Citi raises IHS Holding stock target to $6, maintains Buy rating

Published 10/04/2025, 12:36
Citi raises IHS Holding stock target to $6, maintains Buy rating

On Thursday, Citi analysts, led by Michael Rollins, updated their outlook on IHS Holding (NYSE: IHS), increasing the price target to $6.00 from the previous $5.00 while reiterating a Buy rating on the stock. According to InvestingPro data, the stock appears undervalued based on its Fair Value analysis, with analysts maintaining a strong consensus Buy rating. The adjustment follows the analysis of IHS's fourth-quarter 2024 performance and insights from the recent earnings call.

The company reported satisfactory normalized organic growth for the fourth quarter, with EBITDA reaching $771.56M. Additionally, IHS's guidance for 2025 appears more favorable, partly due to the impact of a weaker U.S. dollar. The company maintains strong liquidity with a current ratio of 1.33, indicating healthy short-term financial stability. Citi's analysts underscored IHS's potential to enhance shareholder value through sustained organic growth, excluding the effects of previously announced rationalization churn.

The analysts also emphasized the company's strategy of asset monetization and reducing financial leverage as key factors in supporting a higher valuation. By lowering net debt leverage, IHS could minimize risk and potentially increase value for equity holders.

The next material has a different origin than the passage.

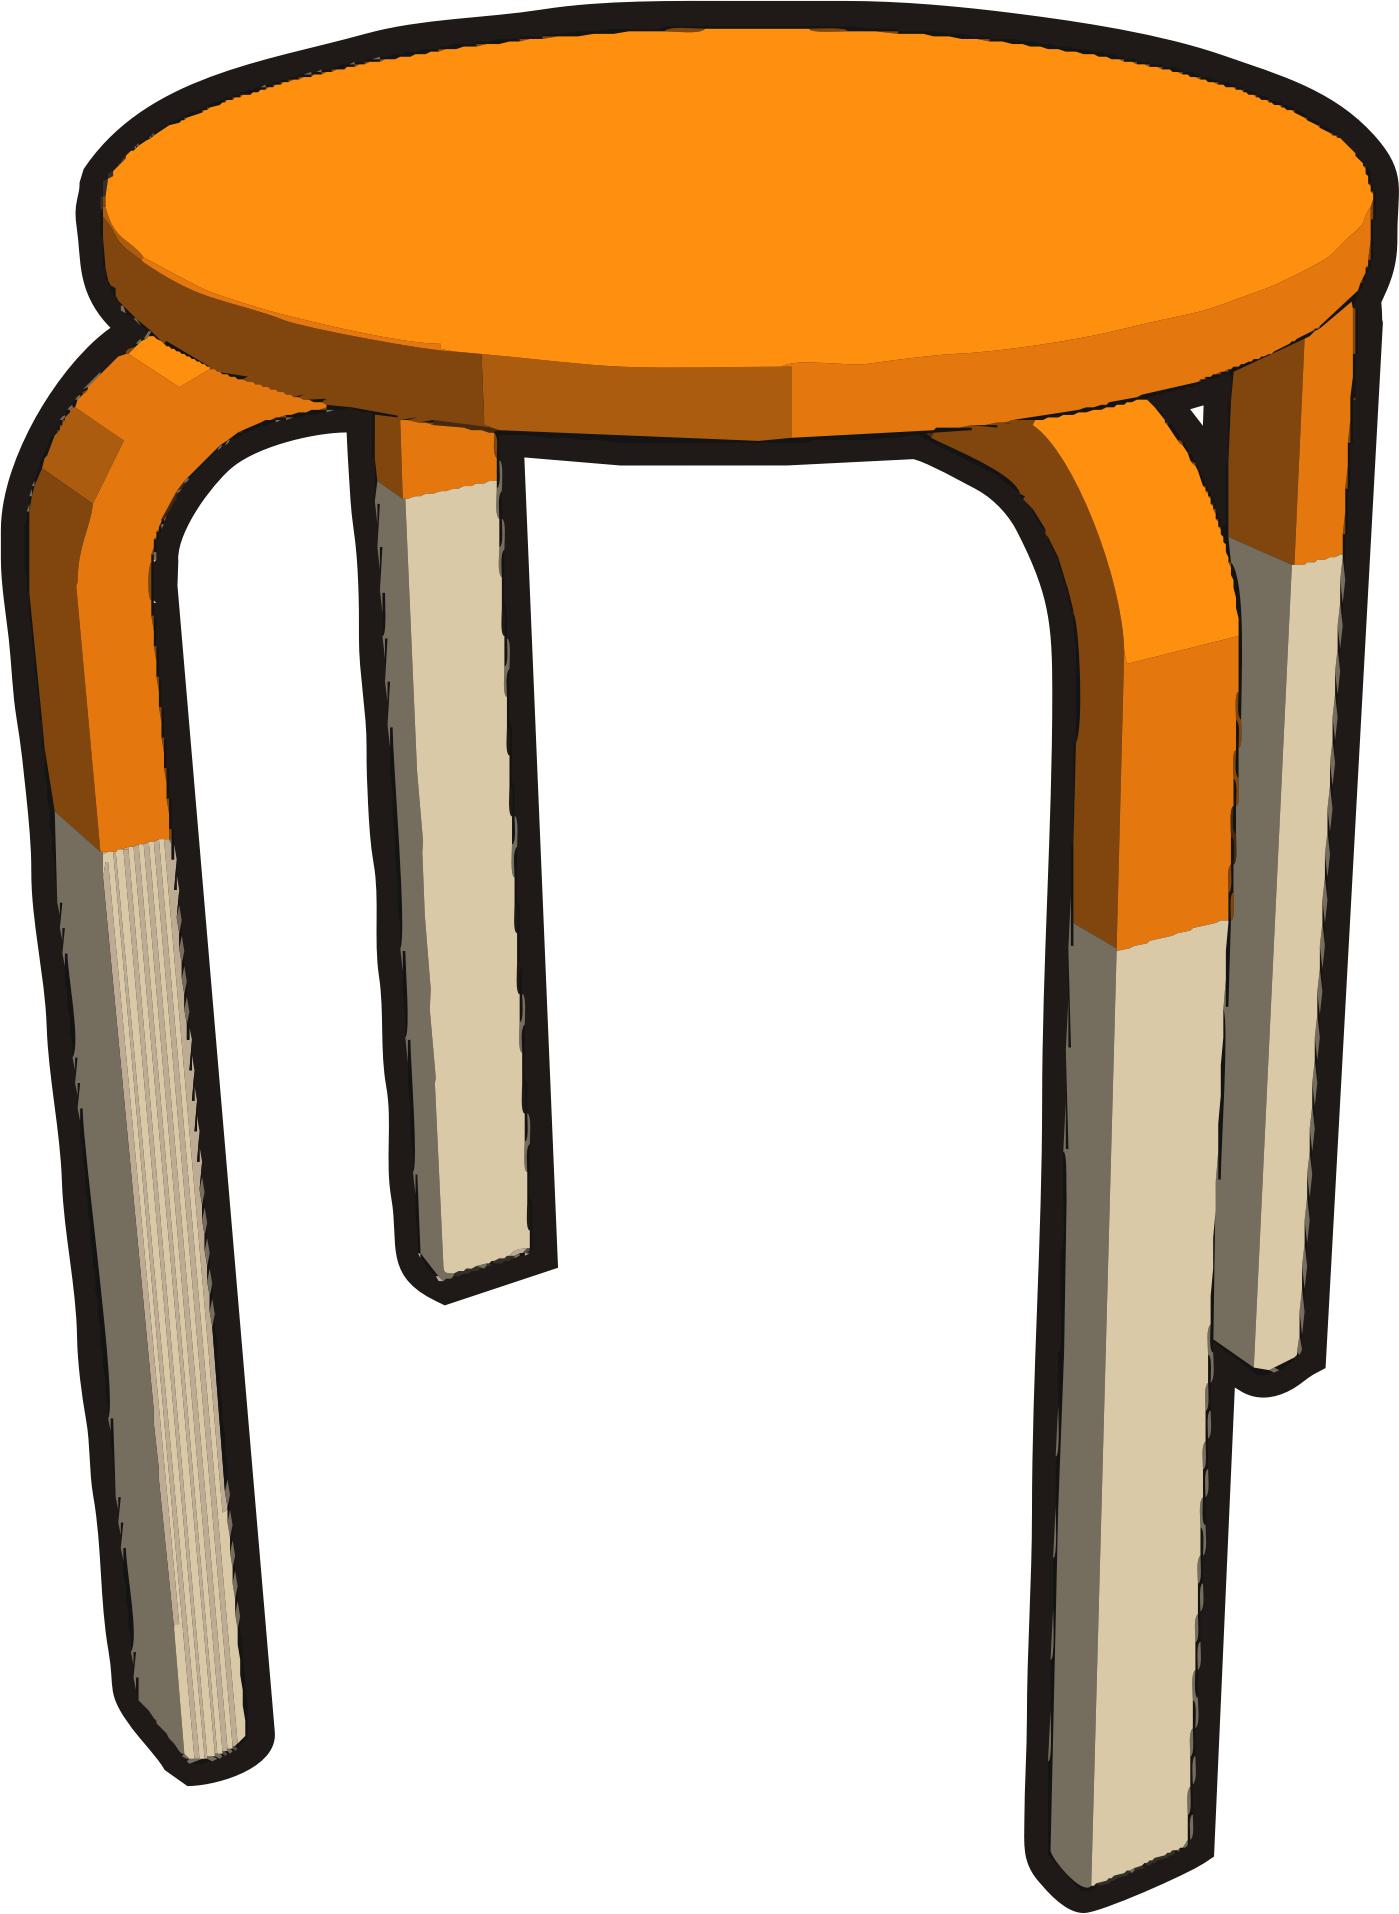 Ikea stuff - Frosta stool, half orange png

In their statement, the analysts expressed confidence in the company's prospects, stating, "We believe IHS can continue to take actions to support a better value by retaining solid underlying organic growth, pursuing additional asset monetization and reducing financial leverage." The revised price target reflects these factors, including the anticipated benefits of solid organic growth and a favorable exchange rate with the Nigerian Naira.

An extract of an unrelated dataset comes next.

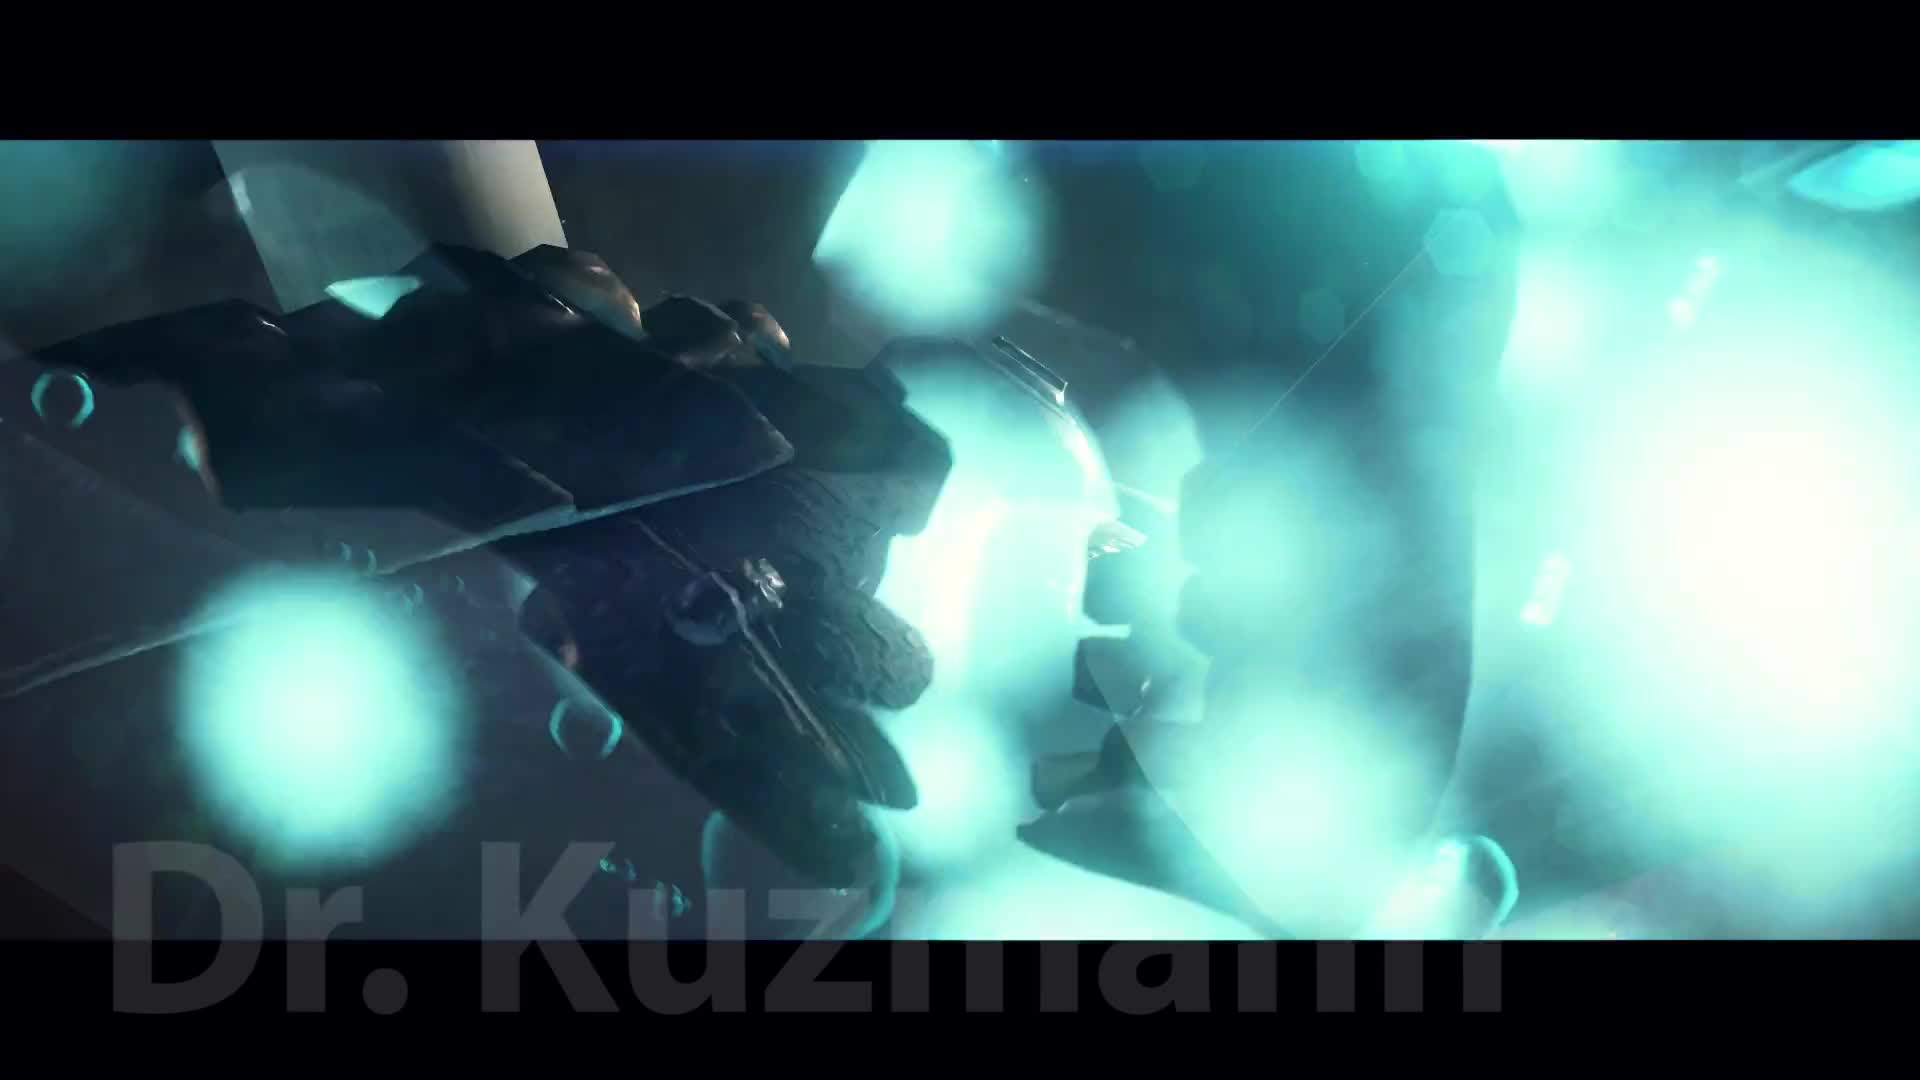 Raiders of the Broken Planet - Dr. Kuzmann Reveal Trailer

In other recent news, IHS Holding reported impressive financial results for the fourth quarter of 2024, with earnings per share reaching $0.73, far surpassing the projected $0.01. The company's revenue also exceeded expectations, totaling $437.8 million against a forecast of $423.27 million. For the full year, IHS achieved a revenue of $1.7 billion and an adjusted EBITDA of $928 million, marking a 54.3% margin. Looking ahead, the company has set a revenue guidance of $1.68 to $1.71 billion for 2025, indicating a positive outlook.

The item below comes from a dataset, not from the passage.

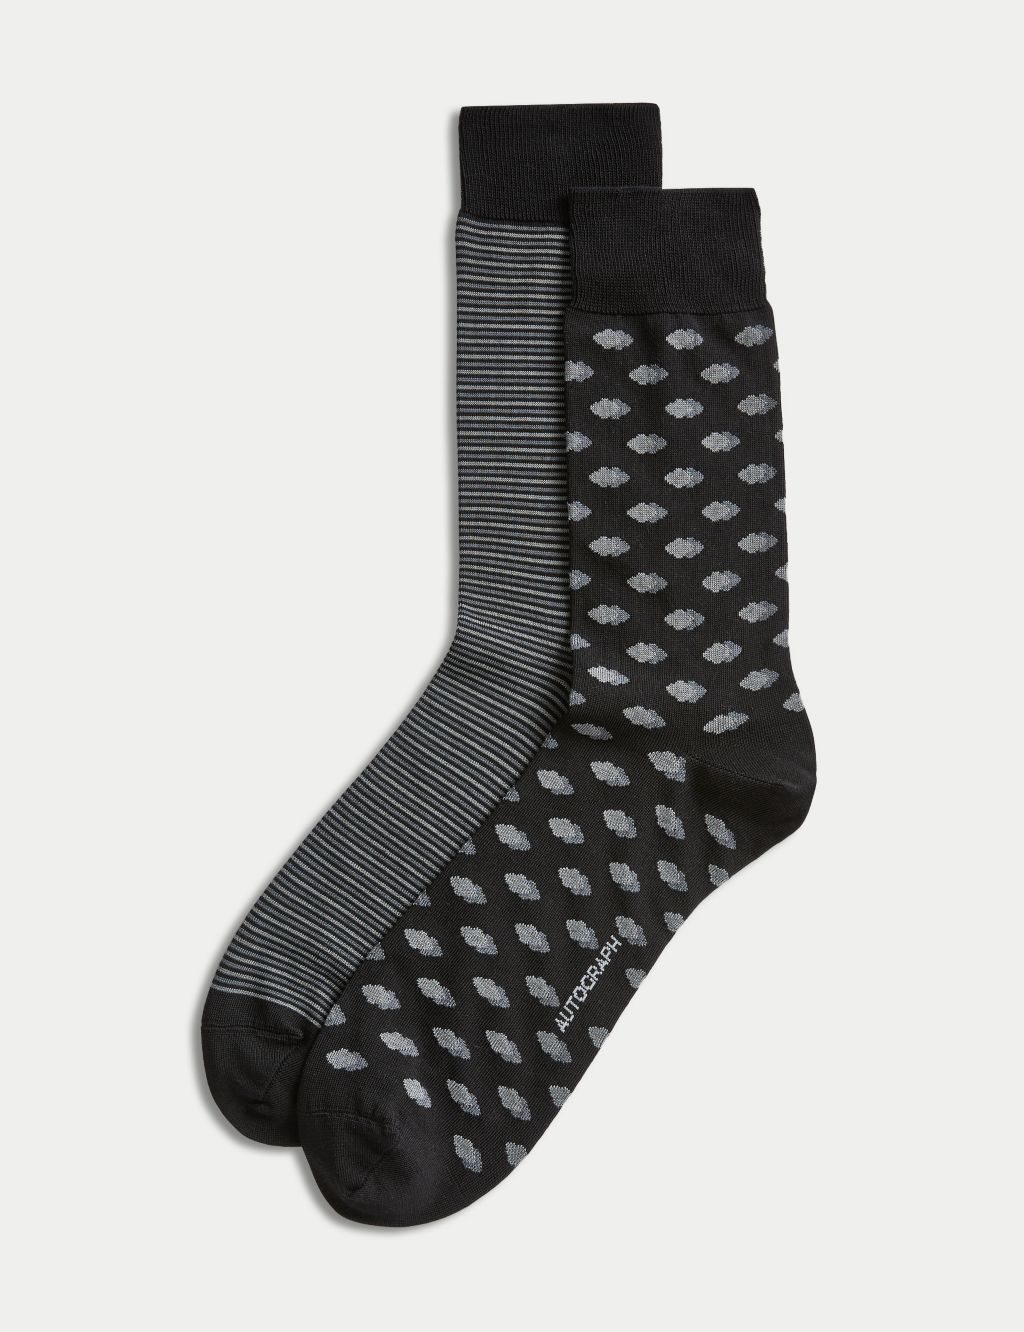 Men's Socks | M&S

Additionally, TD Cowen analyst Michael Elias raised the price target for IHS Holding shares from $15.00 to $16.00 and maintained a Buy rating. This adjustment follows the company's strong quarterly performance and optimistic guidance for 2025, particularly in the Nigerian market. IHS management expressed confidence in their strategic initiatives and the improving macroeconomic environment in Nigeria, supporting this favorable assessment.

Furthermore, IHS plans to continue its asset disposition strategy, targeting between $0.5 billion and $1.0 billion, which is expected to enhance its financial flexibility. The company's strategic focus on expanding its market presence, especially in Africa, has been a key driver of its robust operational capabilities and financial performance.